The fund is run on a high-conviction basis of 36 equally weighted stocks and pays little attention to a specific benchmark or market index. In terms of market cap, the managers would consider companies with a minimum market capitalisation of $500 million and generally aim for a lower portfolio turnover rate. The process also adopts a strict one-in, one-out investment policy, which provides a good balance between the benefits of lower correlation, while allowing each company to potentially add value through reasonable performance.

Currently, the fund has around a third of its assets invested in China, 21% in Taiwan and 11% in Australia. From a sector perspective, the portfolio has 24% exposure to financials, 22% in information technology and 21% in consumer discretionary. Some of the holdings include companies such as Singapore's first and largest industrial Real Estate Investment Trust – Ascendas (SGX:A17U), Australian retailer JB Hi Fi (ASX:JBH) and the multinational Taiwan Semiconductor (NYSE:TSM).

What makes it special?

The fund operates in a rather specialist area of the market, as Asia Pacific is not the typical hunting ground for income investors. Its unique approach of investing in a concentrated portfolio, while having no constrains at a sector or geography level provides investors with quality income generated though a number of diversified channels.

It should also be highlighted that the fund managed to generate positive return of around 5% in 2020, despite the extremely unfavourable market environment, while at the same time keeping its dividend yield above the market average at over 3.5%.

Performance

 

18/02/2020 - 17/02/2021

18/02/2019 - 17/02/2020

18/02/2018 - 17/02/2019

18/02/2017 - 17/02/2018

18/02/2016 - 17/02/2017

Guinness Asian Equity Income 

15.91

4.54

0.49

11.50

44.22

MSCI AC Pacific Ex Japan 

29.37

10.89

-0.76

12.72

48.66

 Source: Morningstar as at 18 February 2021. Total return in GBP.

What sort of investors will it particularly suit?

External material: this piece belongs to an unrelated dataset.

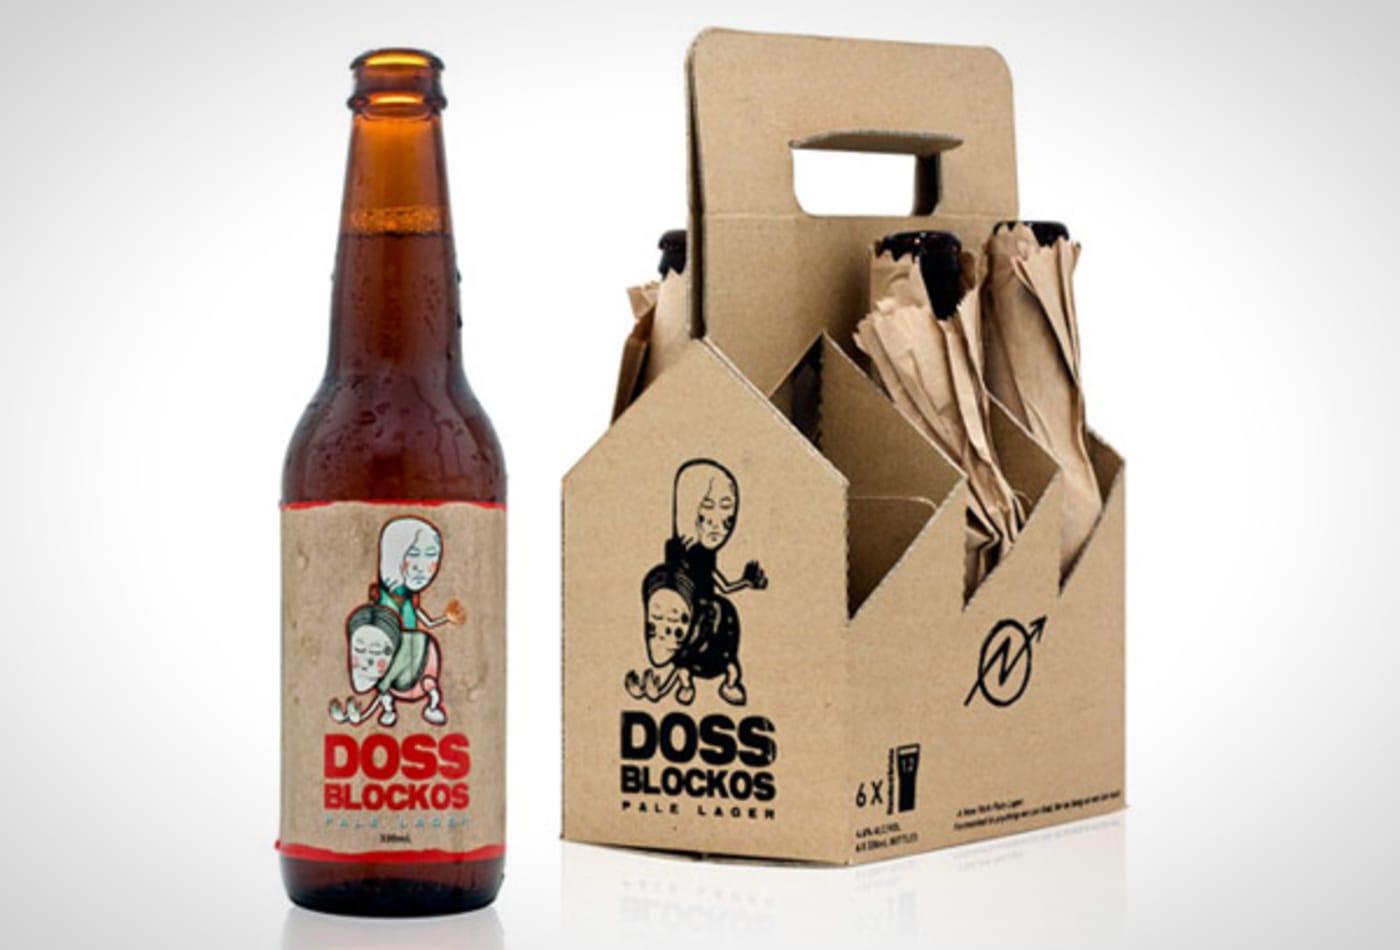 outrageous-drinks-doss-blockos2.jpg

The Guinness Asian Equity Income Fund features in the ii Super 60 rated list as an Asian equity income option. Run by an experienced management team, it offers exposure to high-quality dividend‐paying companies in the Asia Pacific region. The fund has produced consistent total returns since inception and its yield may look attractive for investors with stricter income requirements. However, its high portfolio concentration makes the strategy a higher-risk one, so it may be best utilised as a satellite holding within a well-diversified portfolio.

These articles are provided for information purposes only.  Occasionally, an opinion about whether to buy or sell a specific investment may be provided by third parties.  The content is not intended to be a personal recommendation to buy or sell any financial instrument or product, or to adopt any investment strategy as it is not provided based on an assessment of your investing knowledge and experience, your financial situation or your investment objectives. The value of your investments, and the income derived from them, may go down as well as up. You may not get back all the money that you invest. The investments referred to in this article may not be suitable for all investors, and if in doubt, an investor should seek advice from a qualified investment adviser.